▸ Exercise brief: You are asked to reproduce the listing exactly and to omit its pictures.

▸ Data extract:
[Start of section]

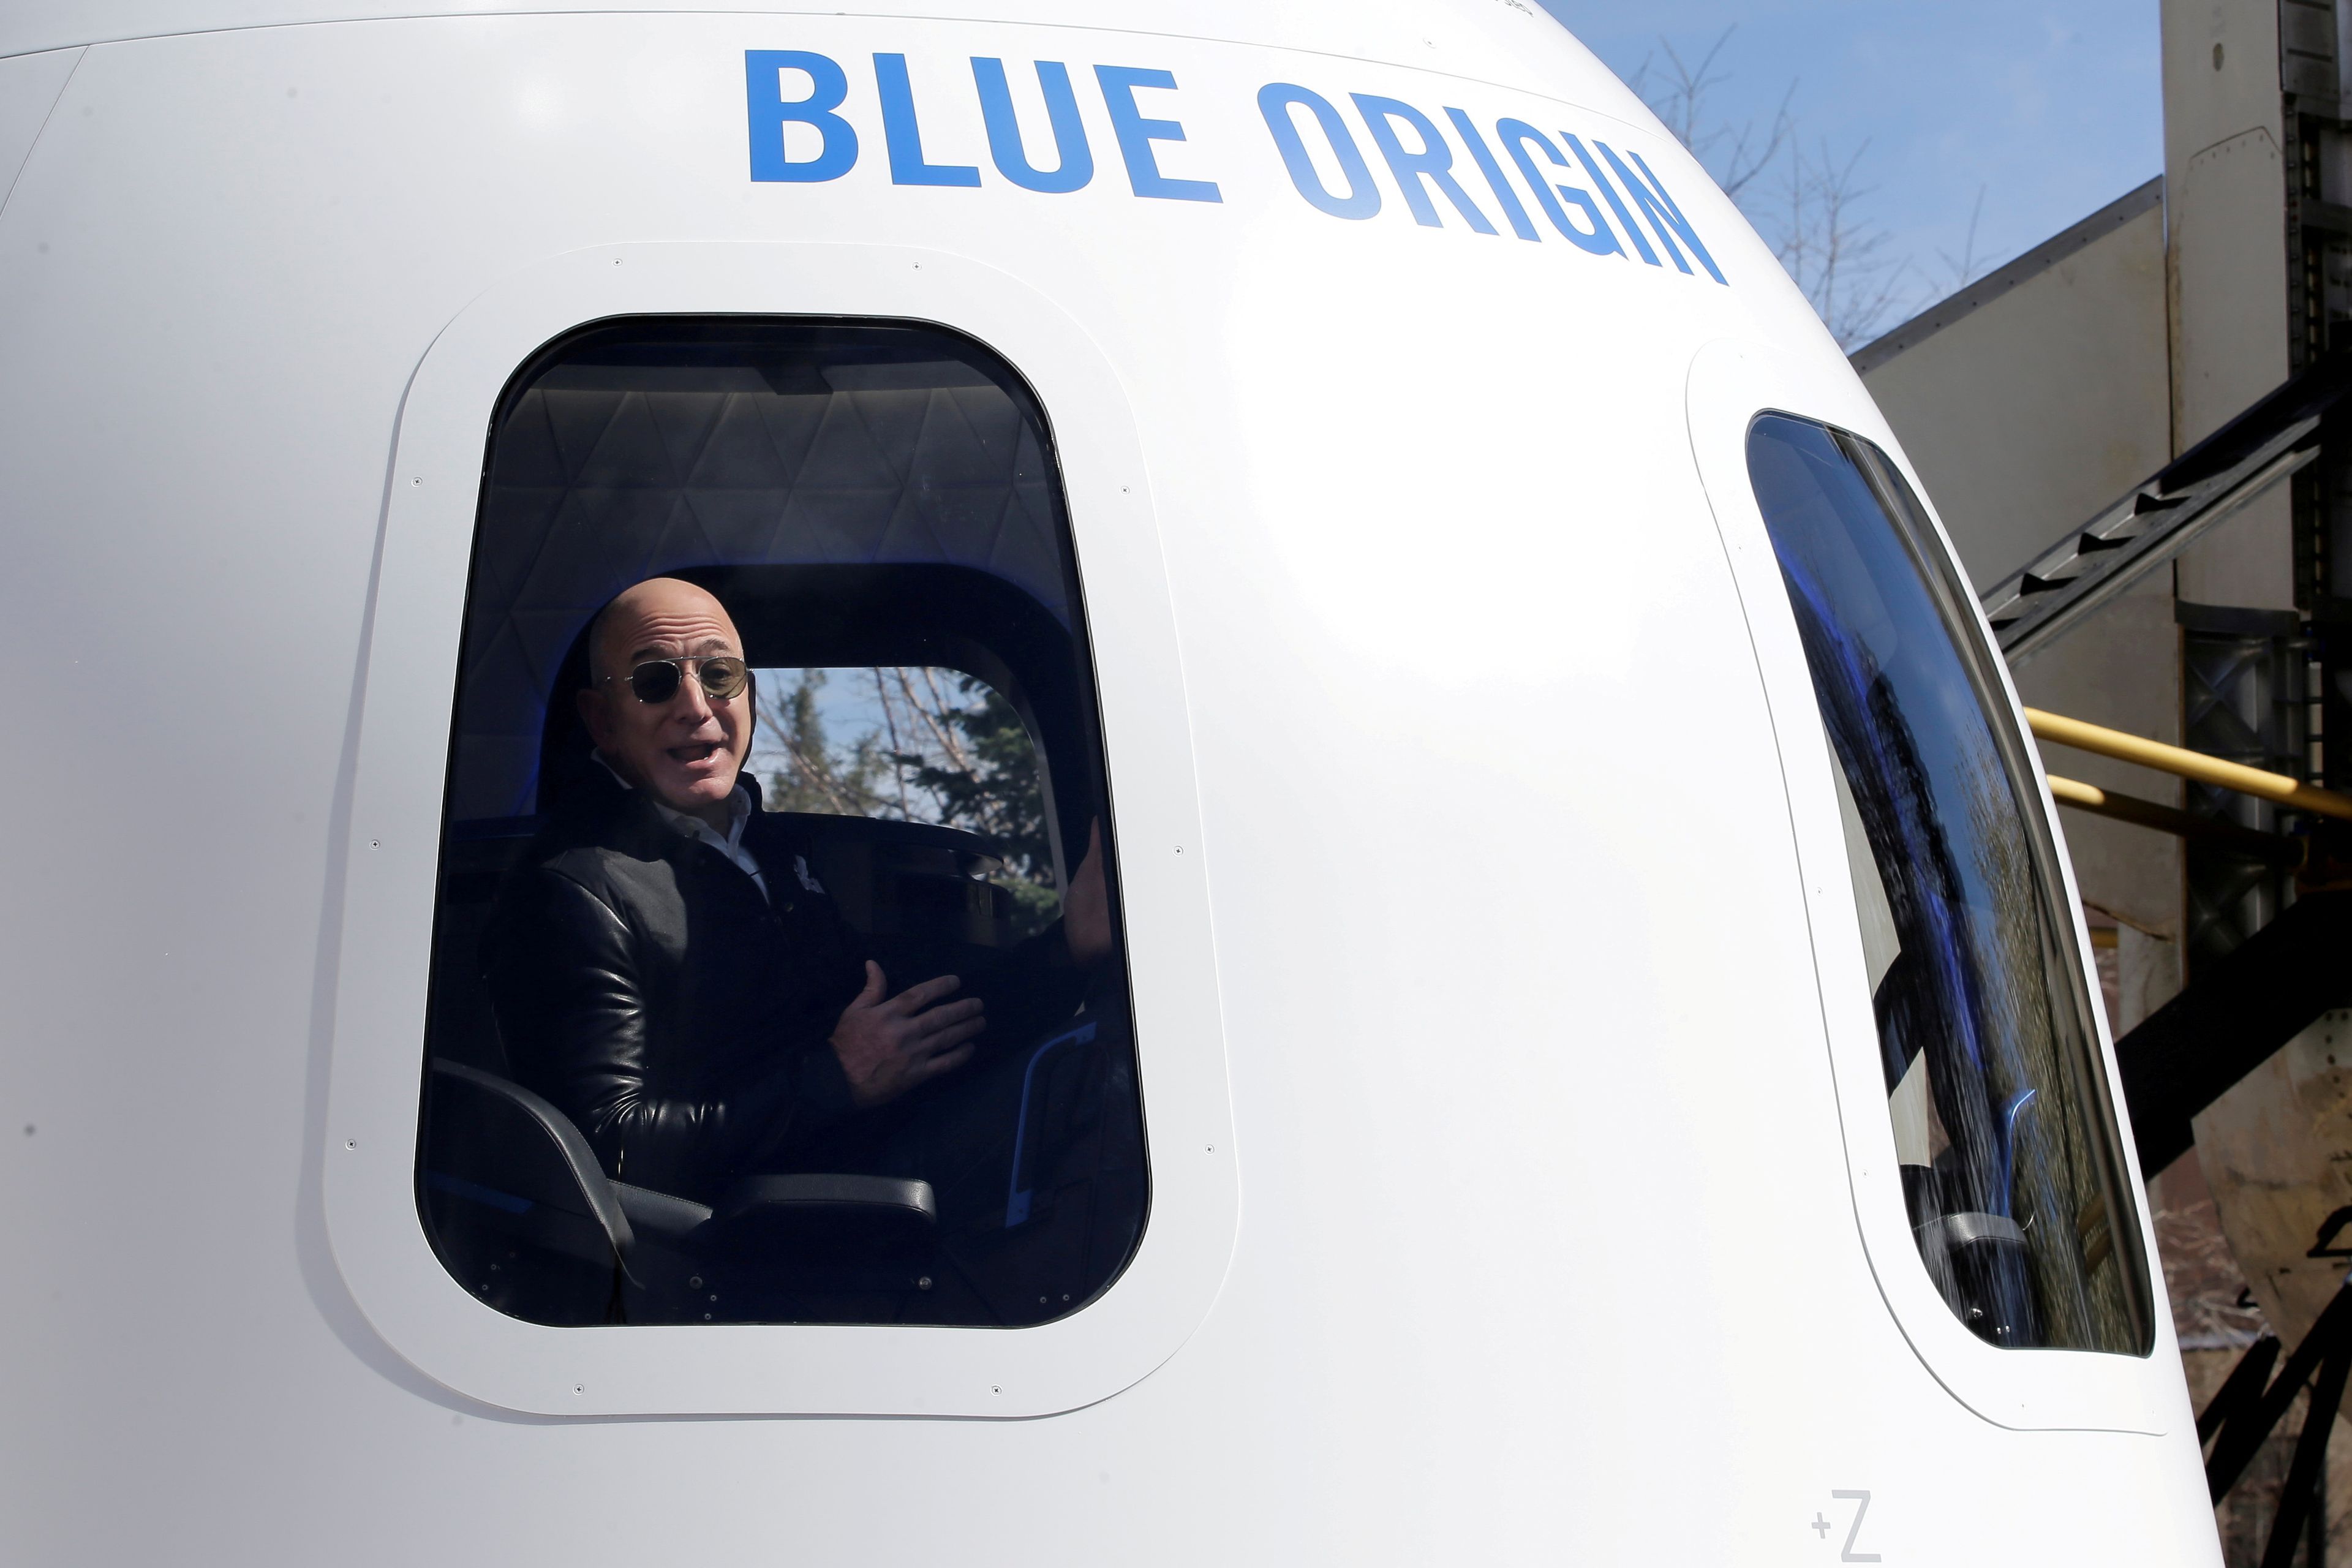 Jeff Bezos, fundador de Amazon y Blue Origin.
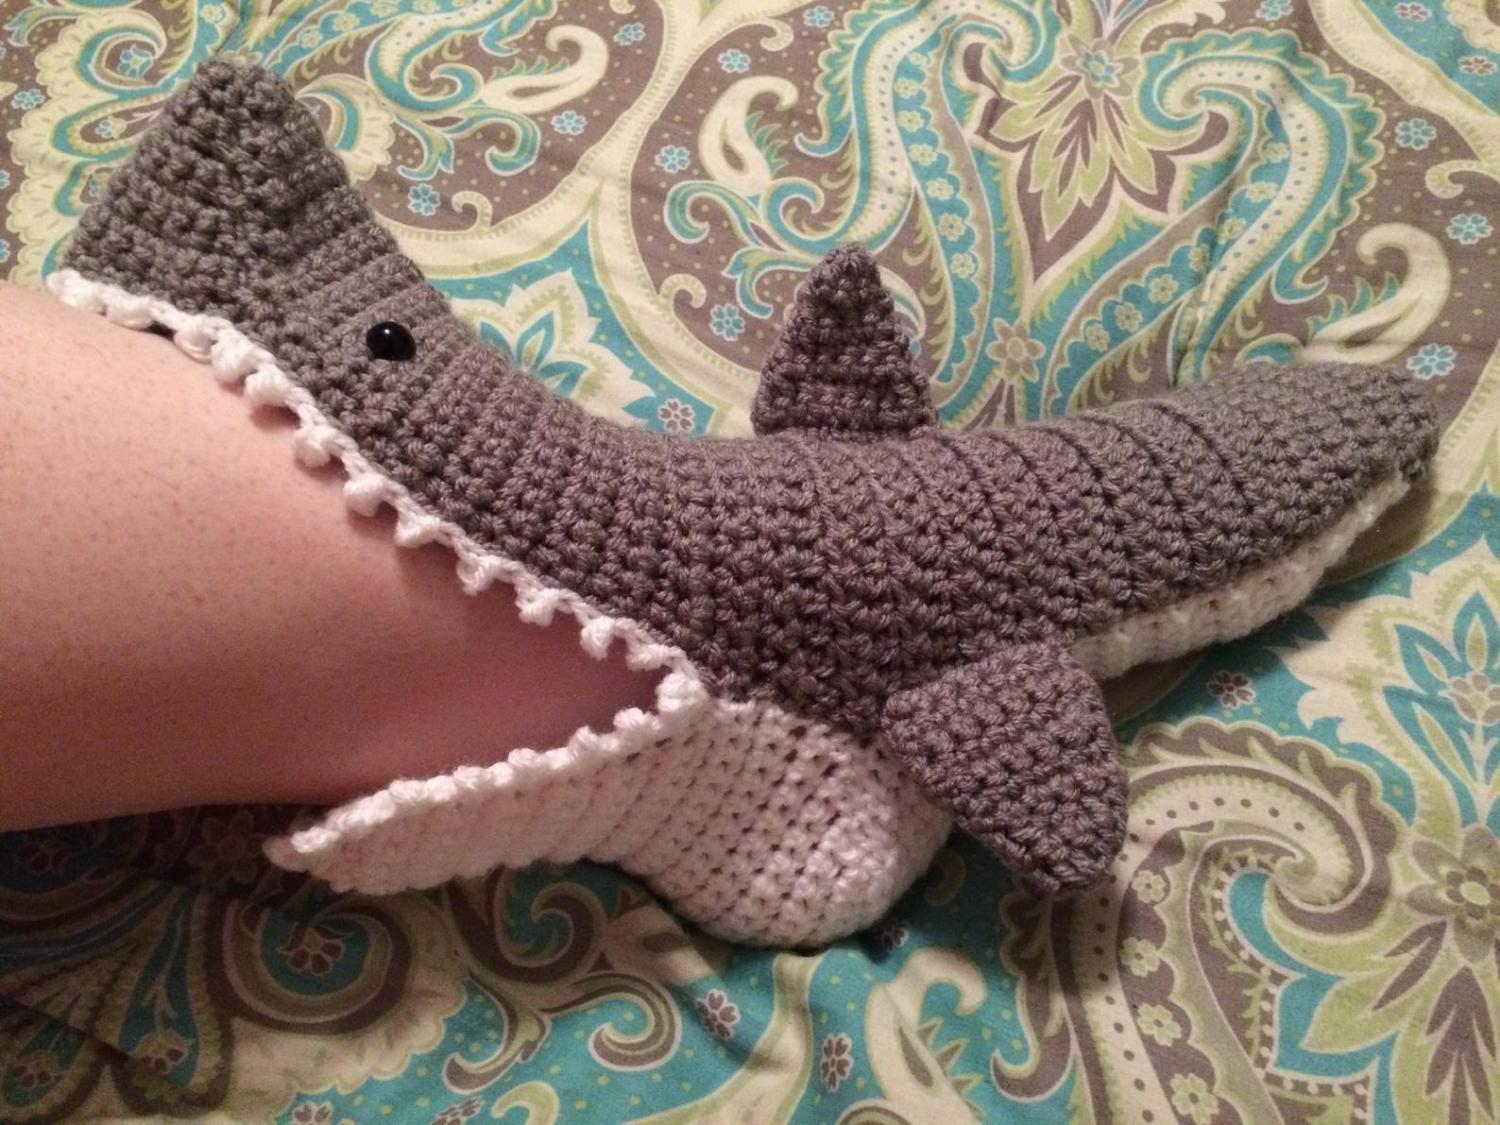 Crochet Shark Bite Slippers - Shark attach slippers
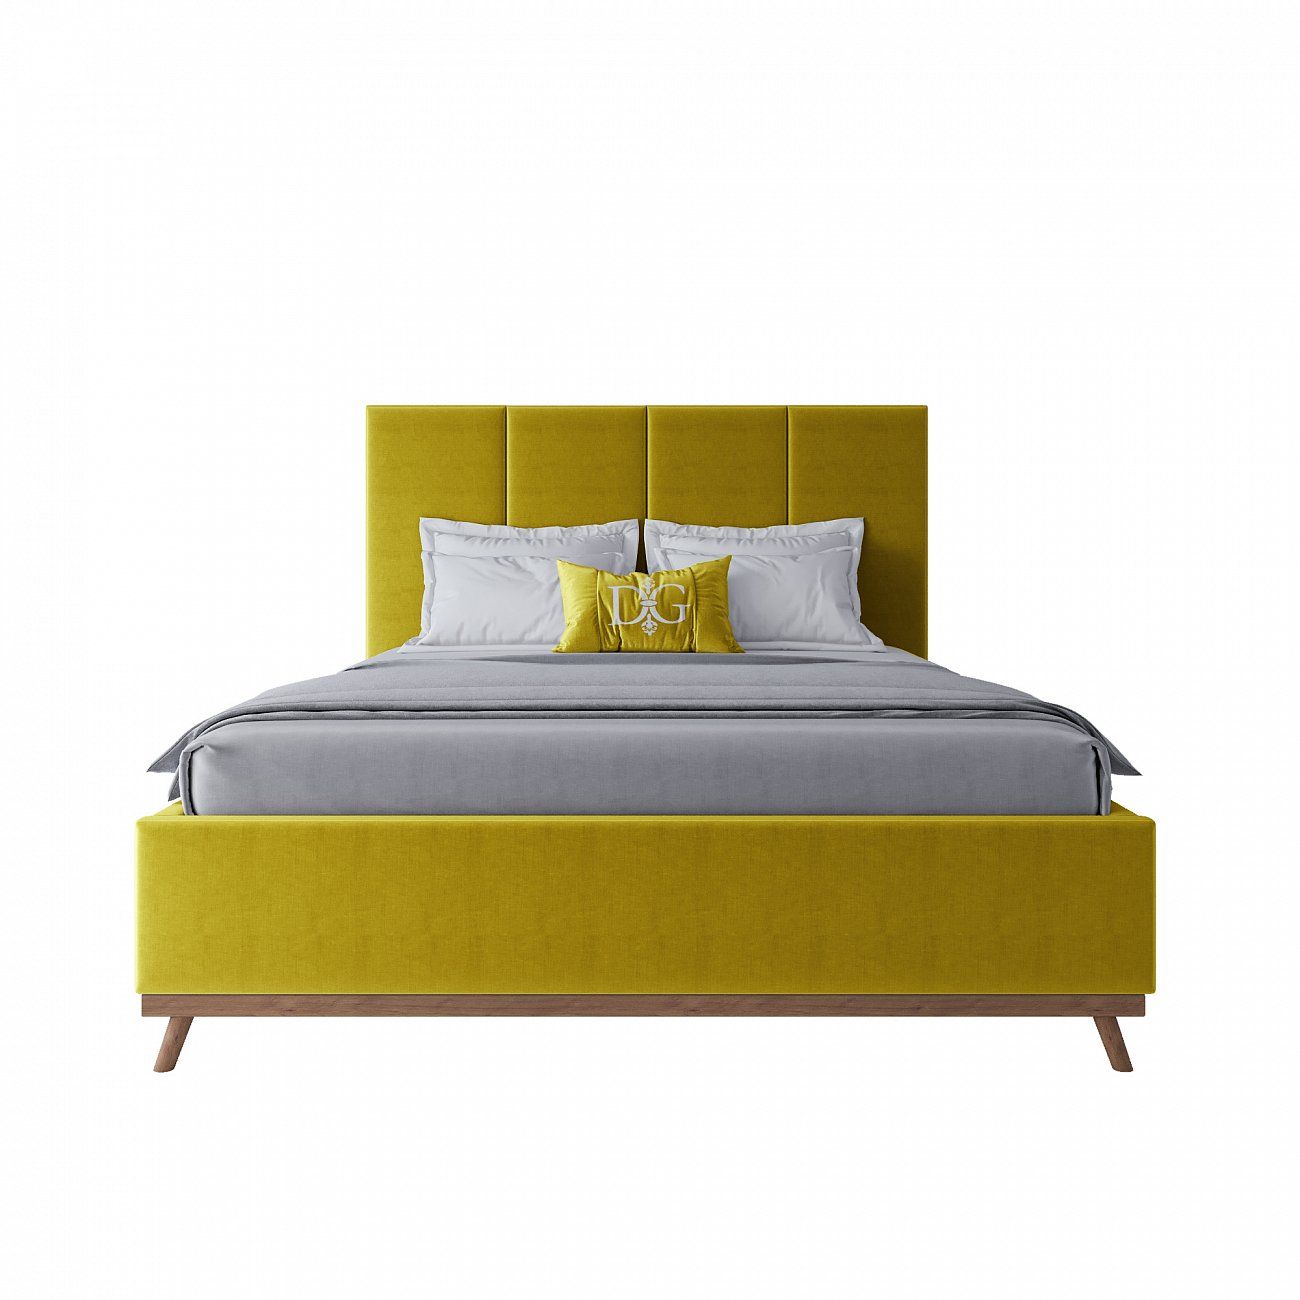 Кровать двуспальная 180х200 желтая Carter Gold

[End of section]

▸ Output for this task:
 Jeff Bezos, fundador de Amazon y Blue Origin.
 Crochet Shark Bite Slippers - Shark attach slippers
 Кровать двуспальная 180х200 желтая Carter Gold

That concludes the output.